ID	Book	Author1	Author2	Year_Pub	Edition	Subject
1	Fundamentals of Thermodynamics	Michael J. Moran	Howard N. Shapiro	2020	Eight	Engineering
2	Relic	Lincoln Child	Douglas Preston	2019	First	Fiction
3	Heads you lose	Lisa Lutz	David Hayward	2017	First	Data Science

Comparison:

In this particular section the data frame from different sources are bieng compared if they are similar or if there is any difference:

Comparing XML to JSON:

With the help of all.equal() function from Base R we will be comparing the two data frames. The reason why I have chosen all.equal() function over identical() function is that all.equal() function gives the reason or the exact points where the data frames differ from each other.

all.equal(book_xml, book_json)

## [1] "Component \"ID\": Modes: character, numeric"                    
## [2] "Component \"ID\": target is character, current is numeric"      
## [3] "Component \"Year_Pub\": Modes: character, numeric"              
## [4] "Component \"Year_Pub\": target is character, current is numeric"

Now we can see that both data frames are pretty much equal in all other aspects but just one and that is the data type. In XML table everything is loaded as characters while on the other hand the JSON loaded the numeric values as numeric rather than characters. Lets compare XML to HTML

Comparing XML to HTML:

all.equal(book_xml, book_html)

## [1] "Component \"ID\": Modes: character, numeric"                    
## [2] "Component \"ID\": target is character, current is numeric"      
## [3] "Component \"Year_Pub\": Modes: character, numeric"              
## [4] "Component \"Year_Pub\": target is character, current is numeric"

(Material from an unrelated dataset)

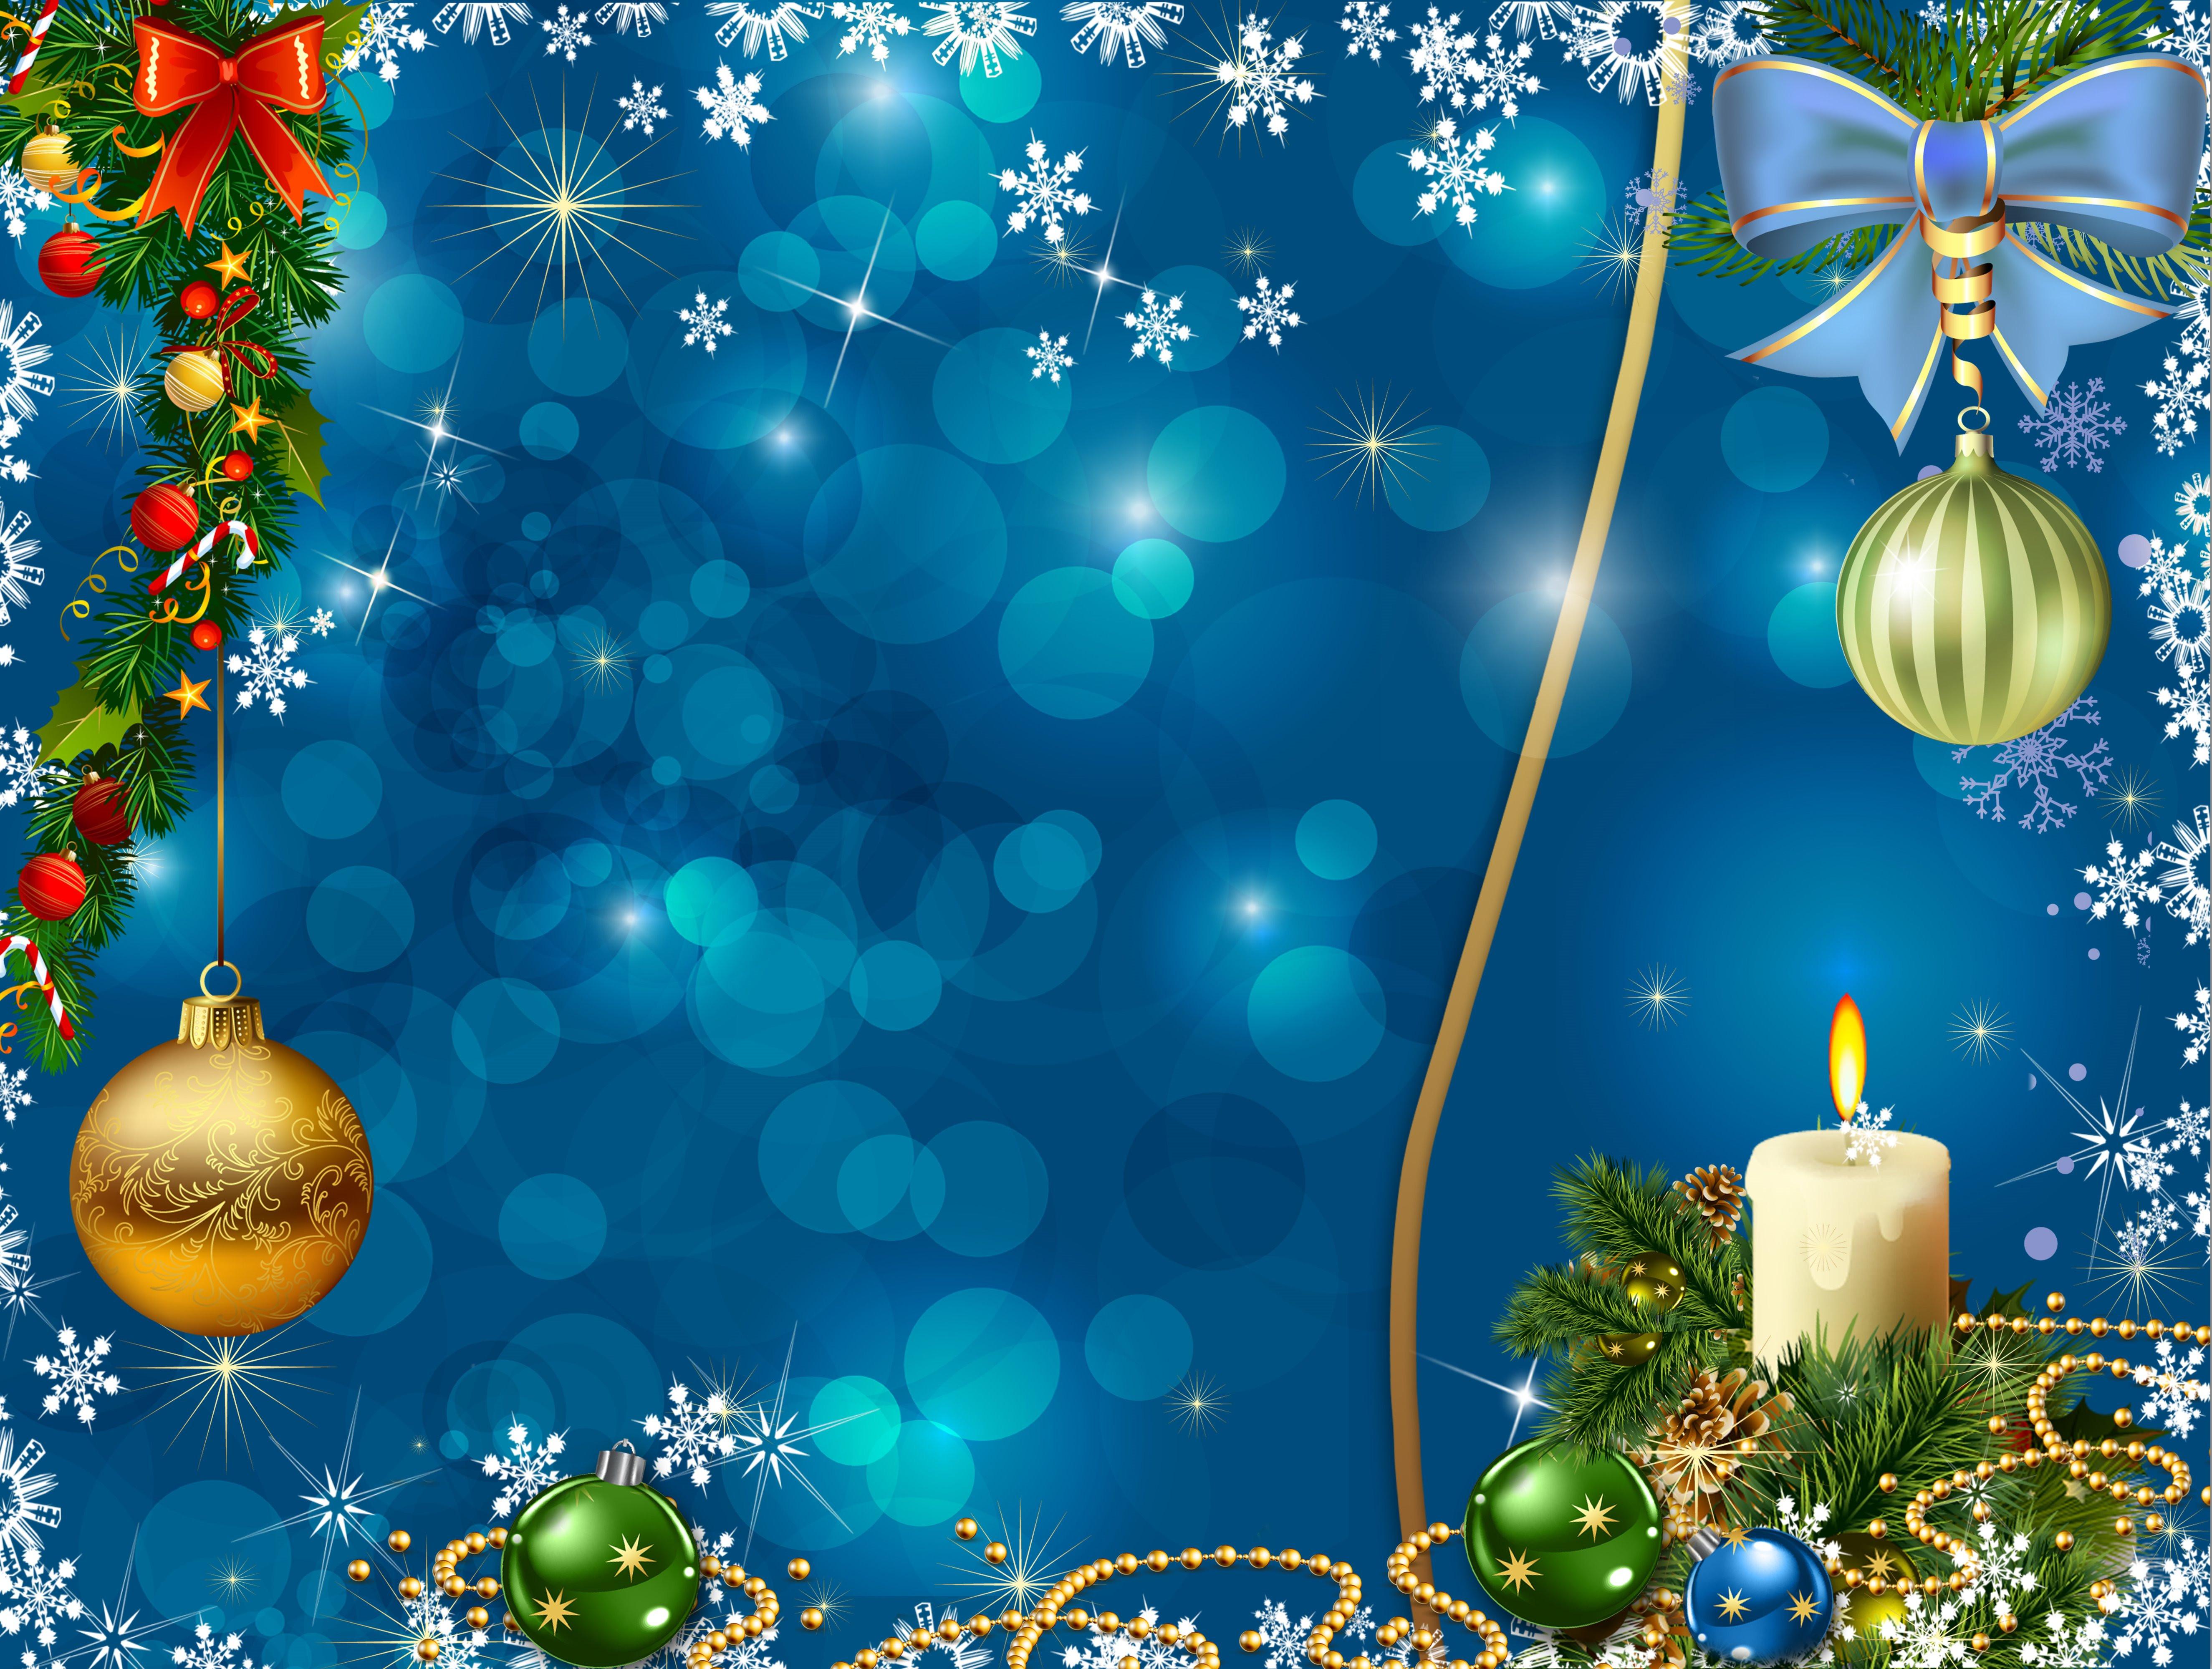 Новогодние открытки на сайте, картинки про месячные

And we can see the similar results. HTML table also loaded with numeric values as type numeric. This implies that JSON and HTML should return TRUE. Lets compare and find out.

Comparing HTML to JSON:

all.equal(book_html, book_json)

## [1] TRUE

As we expected, it did return True for HTML and JSON.

Conclusions:

We saw that after comparing the data frames there was an issue with the data types of XML as HTML and JSON did load the numbers as numeric but numbers in XML were loaded as characters. Upon some research it was found that we can fix this issue by defining the data with the help of a schema at top of XML file but the idea was to load the tables as they are created in these different file formats and compare them.

Note: The attributes of the books in table might not be right since the whole point was to work with different types of files.